◆ **Instructions for the task**
Your answer should repeat exactly the lines from the one holding "Jan van Haasteren" through the end of the data, and it should contain no pictures.

◆ **Material provided**
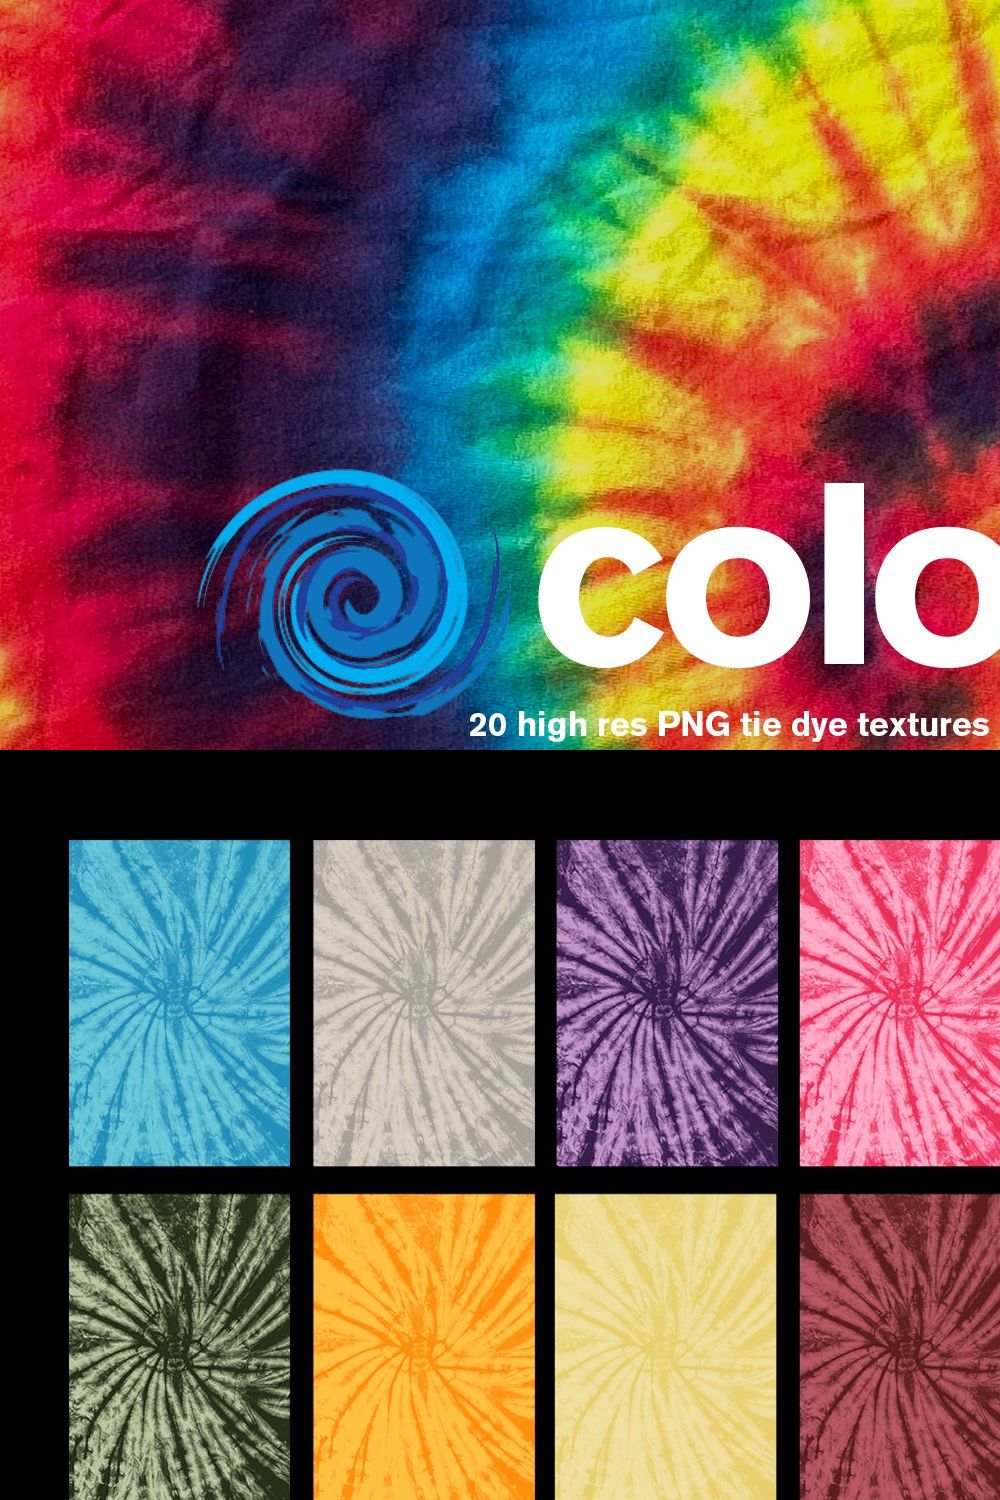 Colortone Tie Dye Textures pinterest preview image.
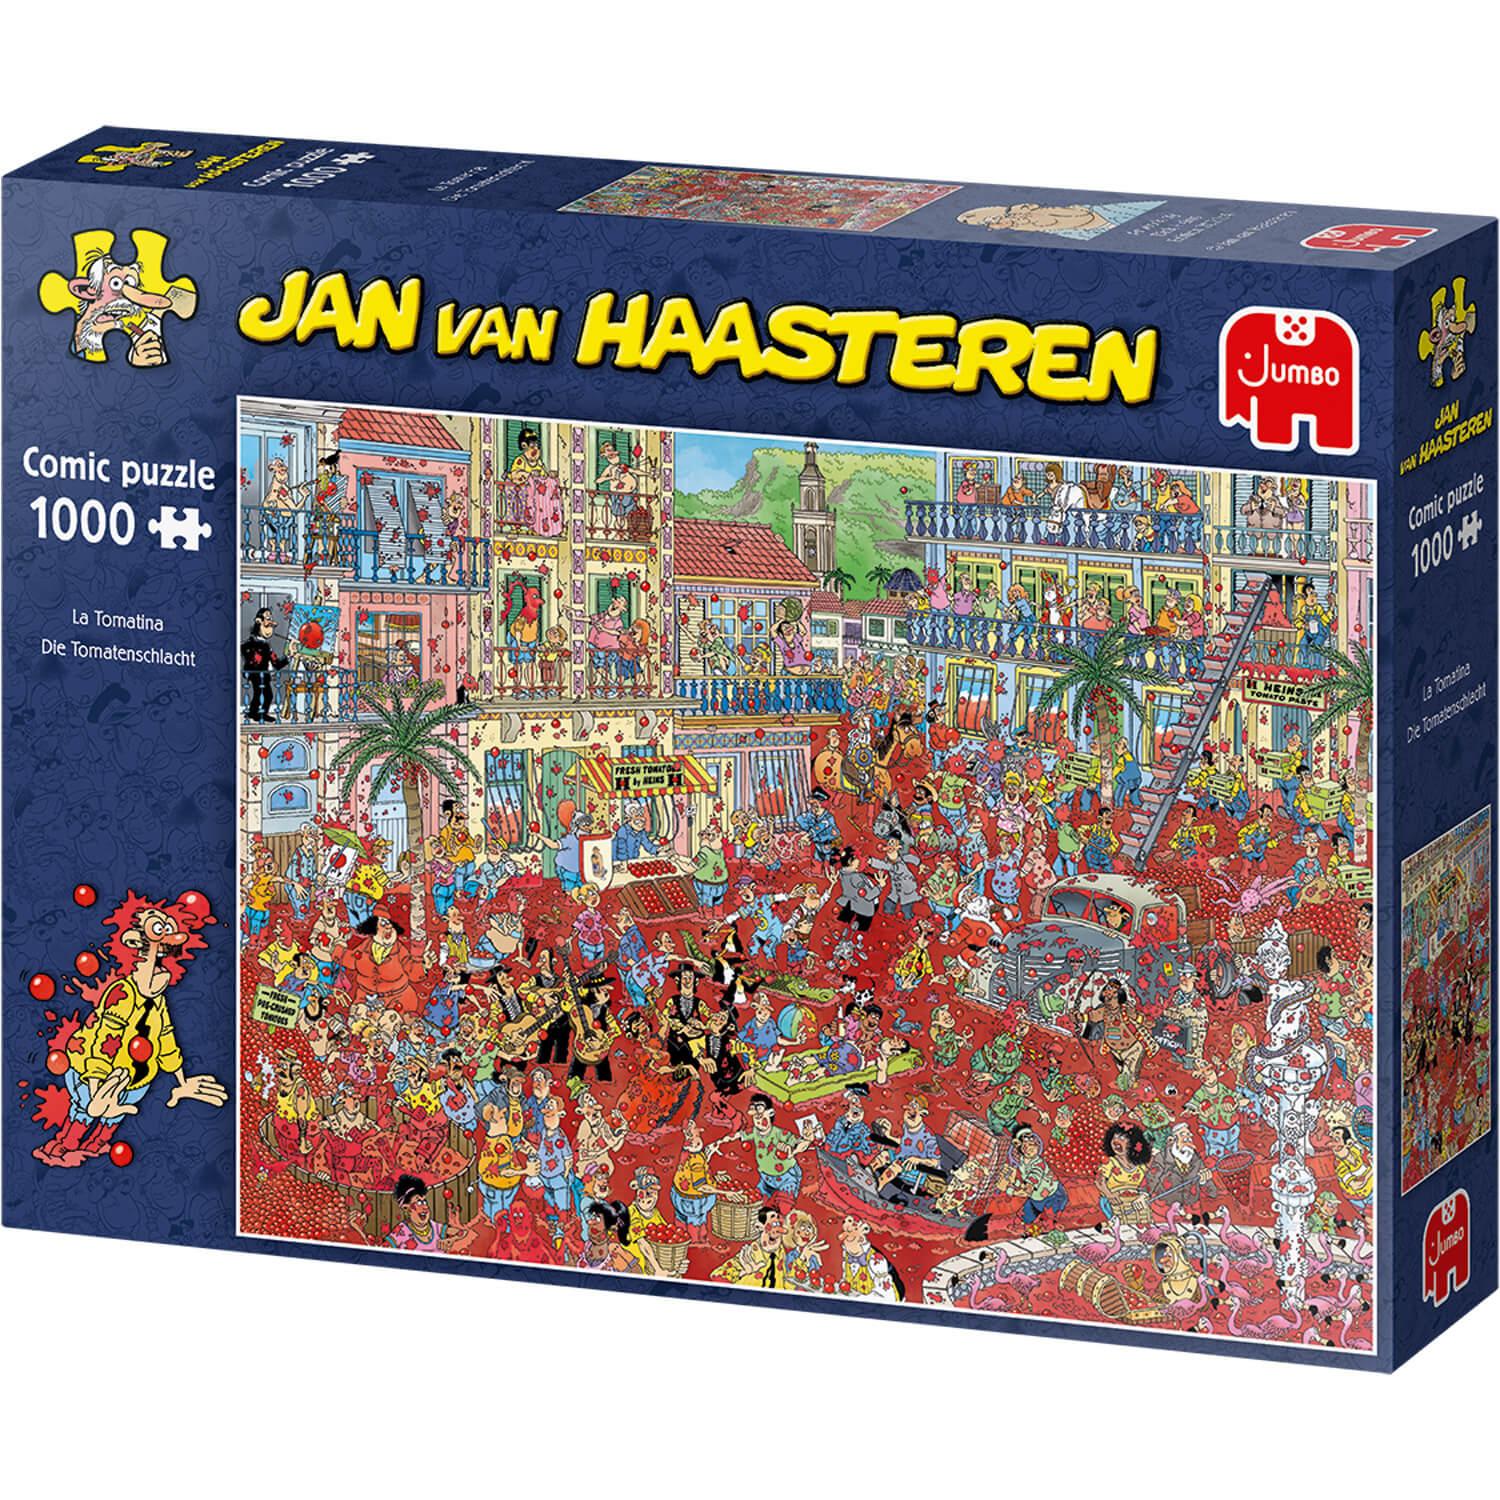 Jan van Haasteren - Le magasin de jouets Puzzle 1000 pièces
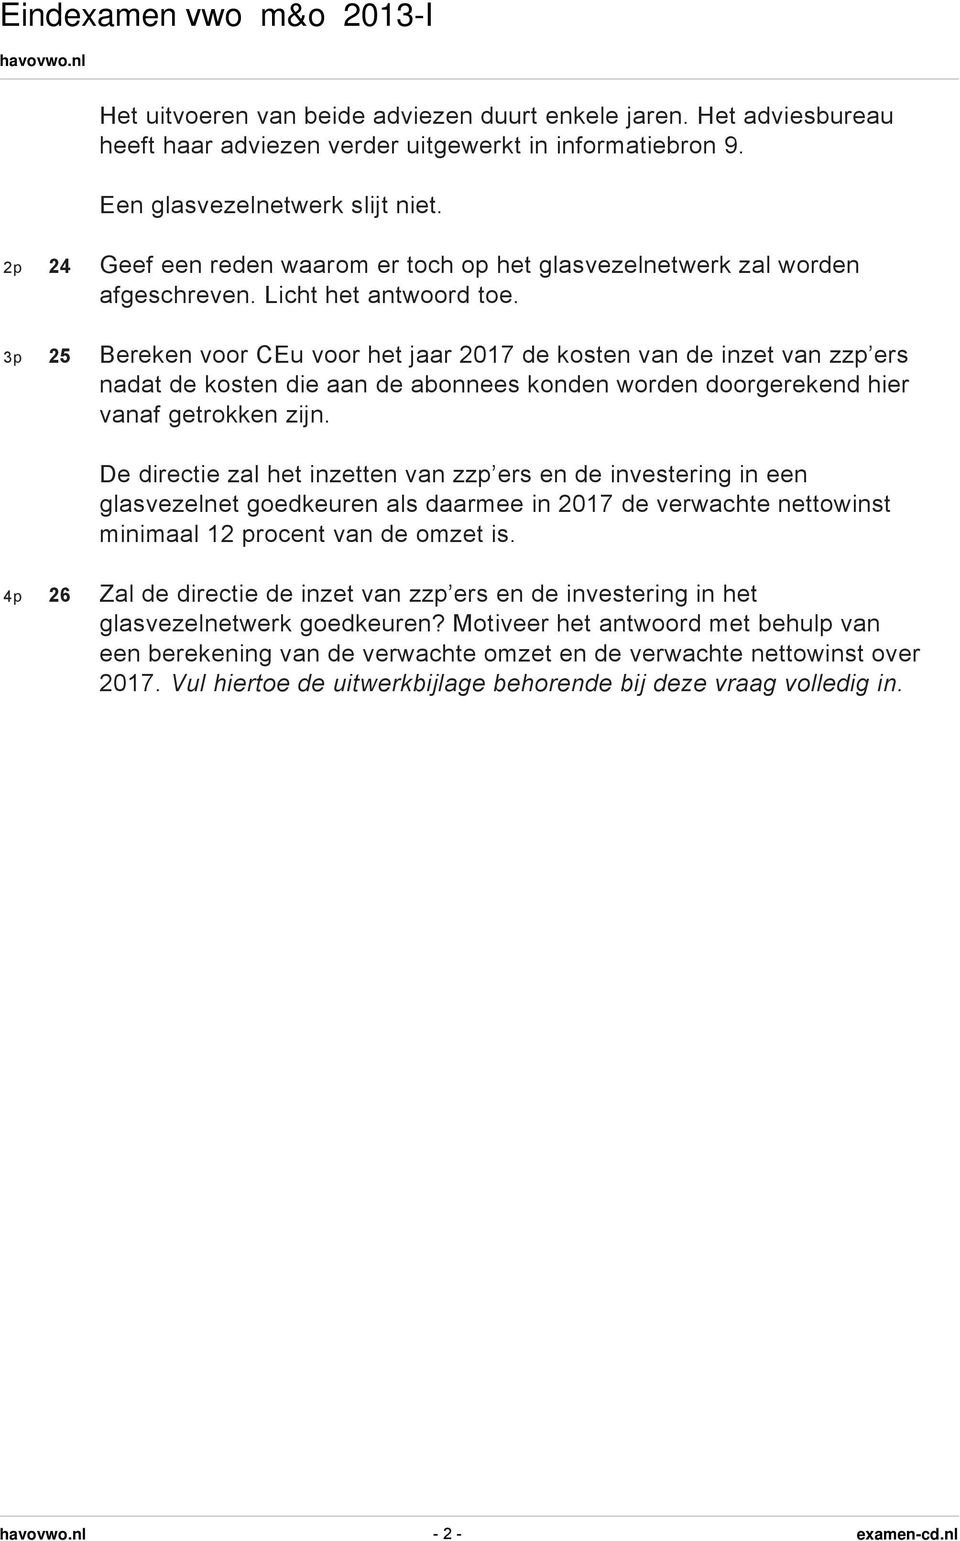 3p 25 Bereken voor CEu voor het jaar 2017 de kosten van de inzet van zzp ers nadat de kosten die aan de abonnees konden worden doorgerekend hier vanaf getrokken zijn.

◆ **Exercise response**
 Jan van Haasteren - Le magasin de jouets Puzzle 1000 pièces
 3p 25 Bereken voor CEu voor het jaar 2017 de kosten van de inzet van zzp ers nadat de kosten die aan de abonnees konden worden doorgerekend hier vanaf getrokken zijn.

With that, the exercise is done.